Using trig substitution, what is the integral of (1-y)sqrt(9-16y^2)?

Modified:

∫ (1-y) sqrt(9-16y^2) dy

Let y = (3/4) sin t

dy = (3/4) cos t dt

9-16y^2 = 9 - 16(3/4)^2 sin^2 t = 9 - 9 sin^2 t = 9 cos^2 t

sqrt(9-y^2) = 3 cos t

∫ (1-y) sqrt(9-16y^2) dy = ∫ (1- (3/4)sin t ) 3 cos t (3/4) cos t dt

= (9/4) ∫ (1 -(3/4) sin t) cos^2 t dt

= (9/4) ∫ cos^2 t dt - (27/16) ∫ cos^2 t sin t dt ------(*)
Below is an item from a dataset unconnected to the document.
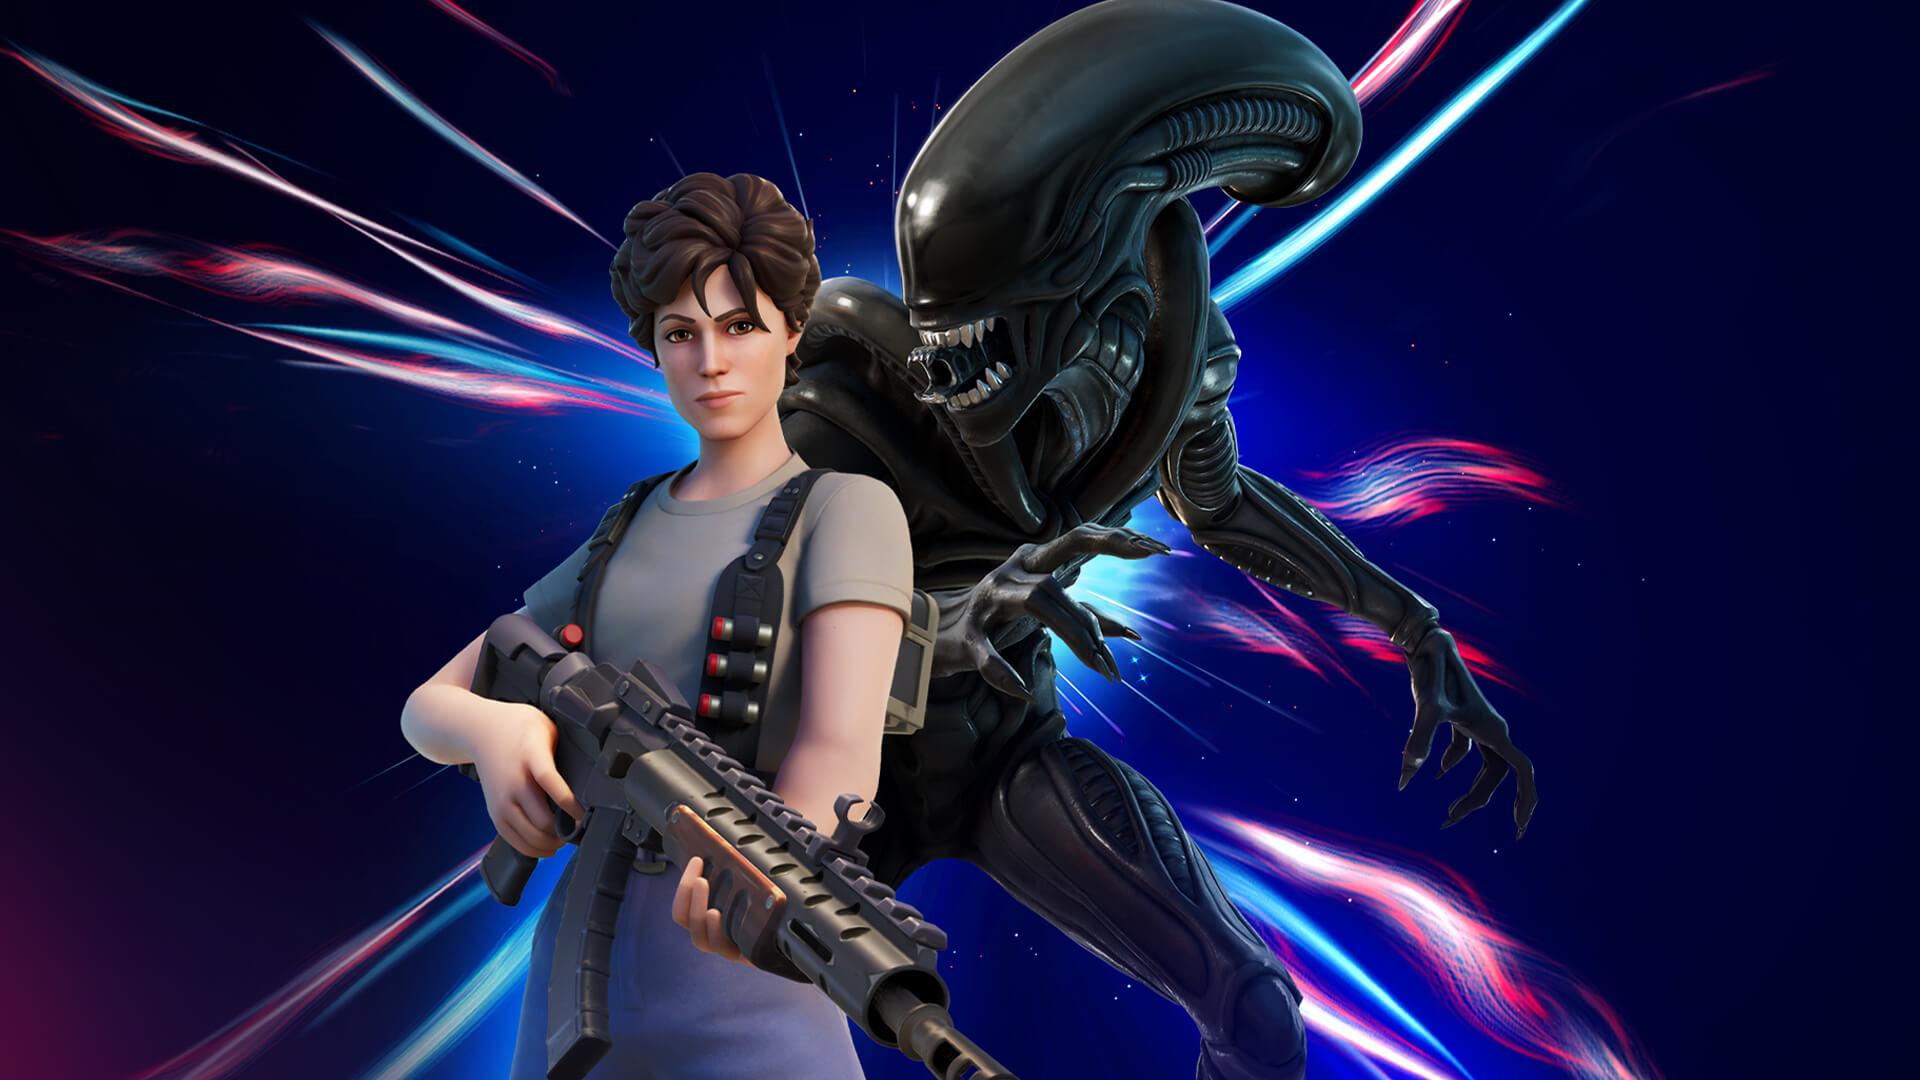 Ripley y Xenomorfo de Fortnite

Let us evaluate ∫ cos^2 t dt

∫ (1+cos 2t) dt / 2

∫ (1/2) dt + ∫ (1/2) cos 2t dt

= t / 2 + (1/2) ∫ cos 2t dt ------ (1)

let s = 2t

ds = 2 dt

dt = (1/2) ds

(1/2) ∫ cos 2t dt = (1/2)(1/2) ∫ cos s ds

(1/2) ∫ cos 2t dt = (1/4) ∫ cos s ds

(1/2) ∫ cos 2t dt = (1/4) sin s

(1/2) ∫ cos 2t dt = (1/4) sin 2t

= (1/4) ( 2 sin t cos t )

= (1/2) sin t cos t

substitute this into (1)

∫ cos^2 t dt = (1/2) t + (1/2) sin t cos t

(9/4) ∫ cos^2 t dt = (9/8) t + (9/8) sin t cos t

∫ cos^2 t sin t dt

Let u = cos t

du = -sin t dt

sint dt = -du

∫ cos^2 t sin t dt = - ∫ u^2 du = (-1/3) u^3 = (-1/3) cos^3 t

(27/16) ∫ cos^2 t sin t dt = (-9/16) cos^3 t

(*) becomes:

(9/8) t + (9/8) sin t cos t + (9/16) cos^3 t ------- (**)

our substitution was y = (3/4) sin t

t = sin^-1( 4y/3)

sin t = 4y/3

cos t = sqrt(1-sin^2 t) = sqrt ( 1- 16y^2/9) = (1/3) sqrt(9-16y^2)

cos^3 t = (1-sin^2 t)^(3/2) = (1/27) (9-16y^2)^(3/2)

(**) becomes:

(9/8) sin^-1(4y/3) +(9/8) (4y/3) (1/3) sqrt(9-16y^2)+(9/16)(1/27) (9-16y^2)^(3/2)

(9/8) sin^-1(4y/3) +(1/2) y sqrt(9-16y^2) + (1/48) (9-16y^2)^(3/2) + C

I believe the answer is "banana" but I could be wrong.